15-year-old Linux vulnerabilities let hackers gain superuser privileges
Experts from the GRIMM organization found vulnerabilities in the iSCSI subsystem of the Linux kernel that could allow local attackers with basic user privileges to escalate their privileges to superuser. Vulnerabilities can only be exploited locally, which means that an attacker first has to gain access to vulnerable device by exploiting another vulnerability or using an alternative attack vector to carry out a cyberattack.
Despite the fact that vulnerabilities were discovered just now, they appeared during the initial development stages of the iSCSI in 2006. The issues affect all Linux distributions, but luckily, the vulnerable scsi_transport_iscsi kernel module is not loaded by default. However, the module can be loaded and exploited for privilege escalation.
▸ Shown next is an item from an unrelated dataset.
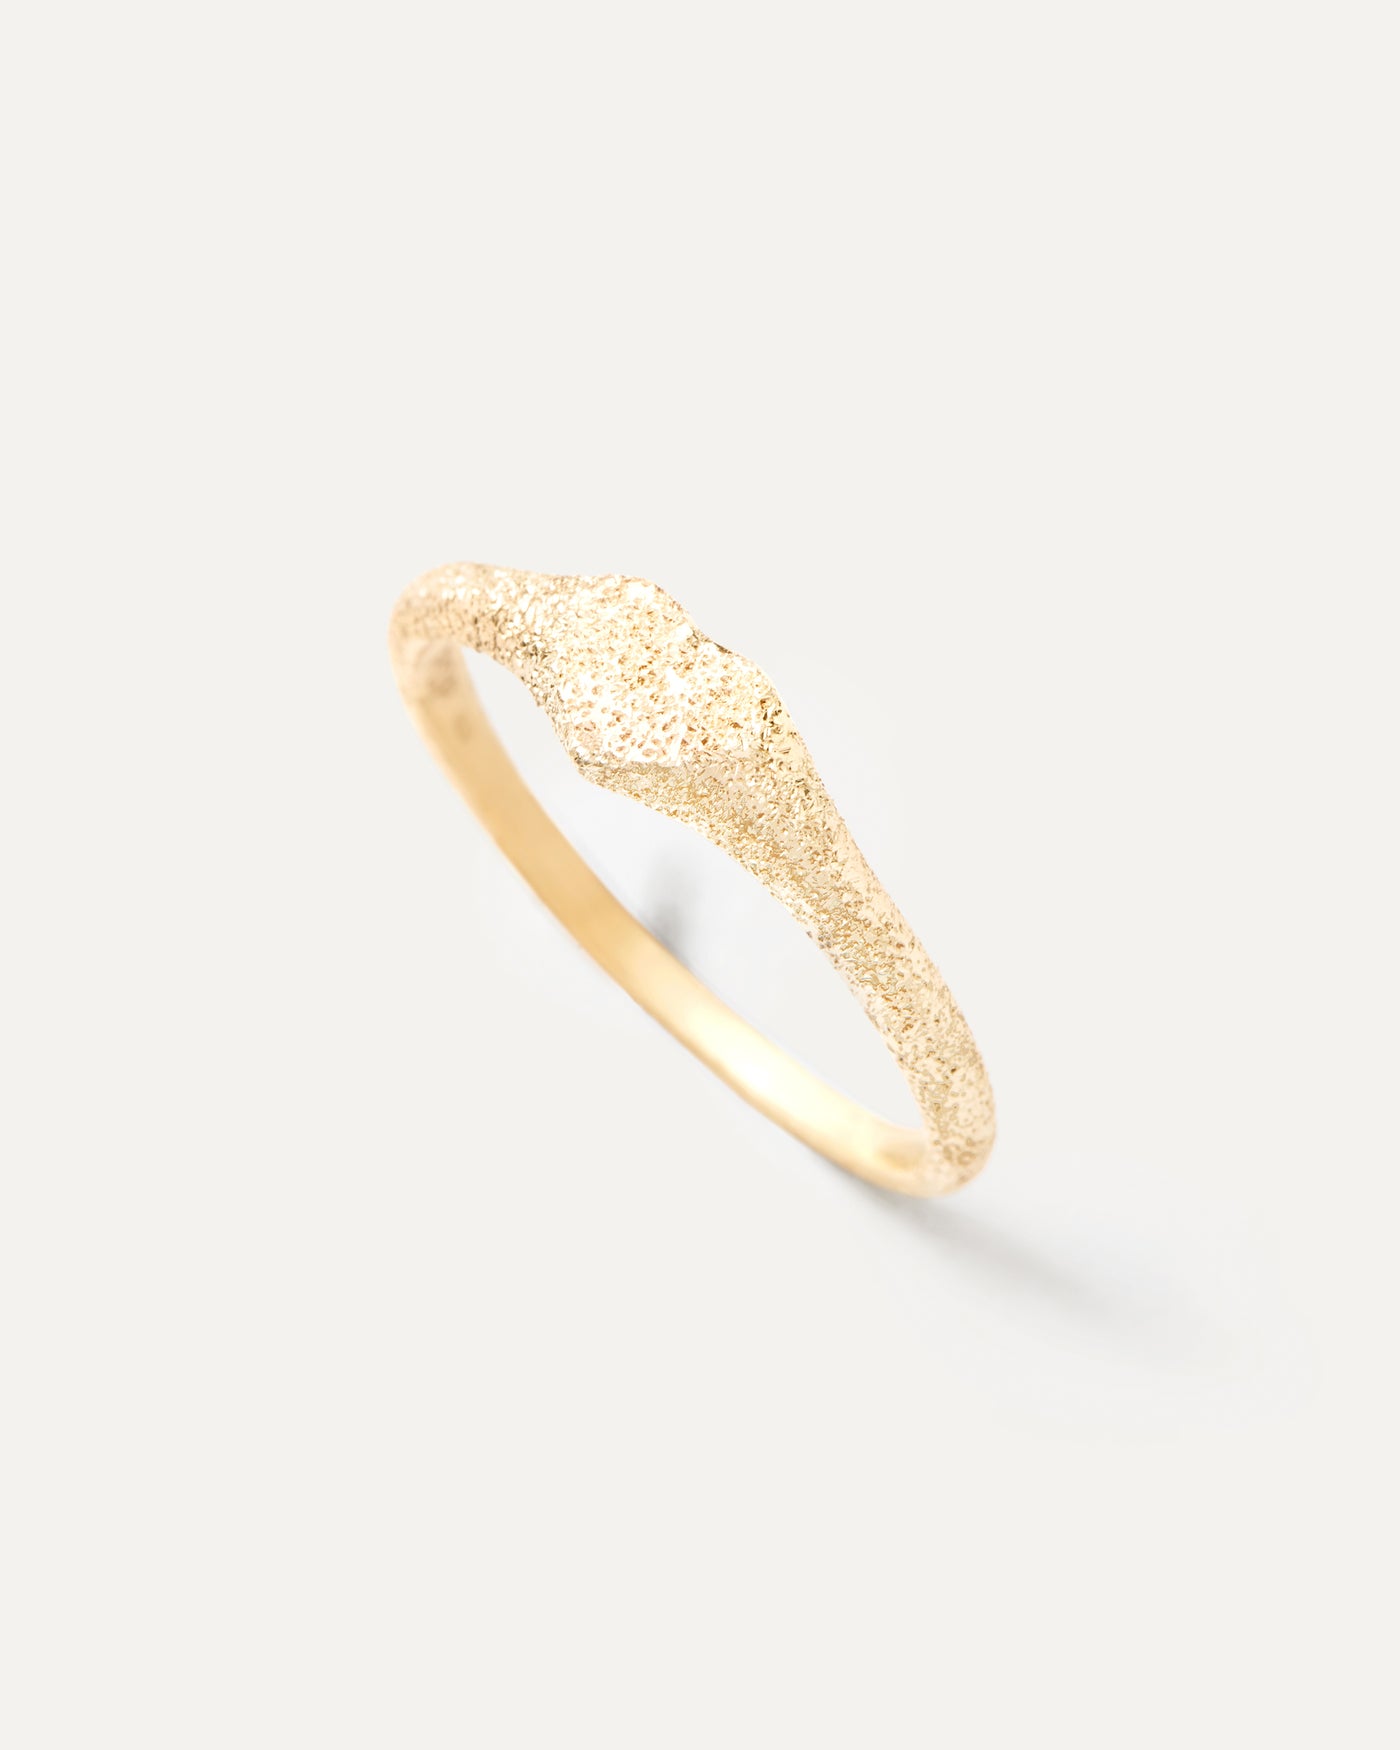 2023 Selection | Sandblasted Gold Heart Stamp Ring. Heart-shaped signet ring in solid 18K yellow gold with a sandblast finish. Get the latest arrival from PDPAOLA. Place your order safely and get this Best Seller. Free Shipping.

As security researcher Adam Nichols explained, the Linux kernel loads modules either because it detects new hardware or because a kernel function detects that a module is missing. On CentOS 8, RHEL 8, and Fedora, unprivileged users can automatically load the required modules if the rdma-core package is installed. On Debian and Ubuntu, the rdma-core package will only automatically load the two required kernel modules if the RDMA hardware is available. As such, exploitation of the vulnerability is limited on these systems.
Vulnerabilities:
• CVE-2021-27365: buffer overflow (local privilege escalation, data disclosure, and denial of service);
• CVE-2021-27363: kernel pointer leak (data disclosure);
• CVE-2021-27364: out-of-bounds read (data disclosure and denial of service).
All three vulnerabilities are patched in 5.11.4, 5.10.21, 5.4.103, 4.19.179, 4.14.224, 4.9.260 and 4.4.260 versions. No patches will be released for EOL unsupported kernels versions like 3.x and 2.6.23.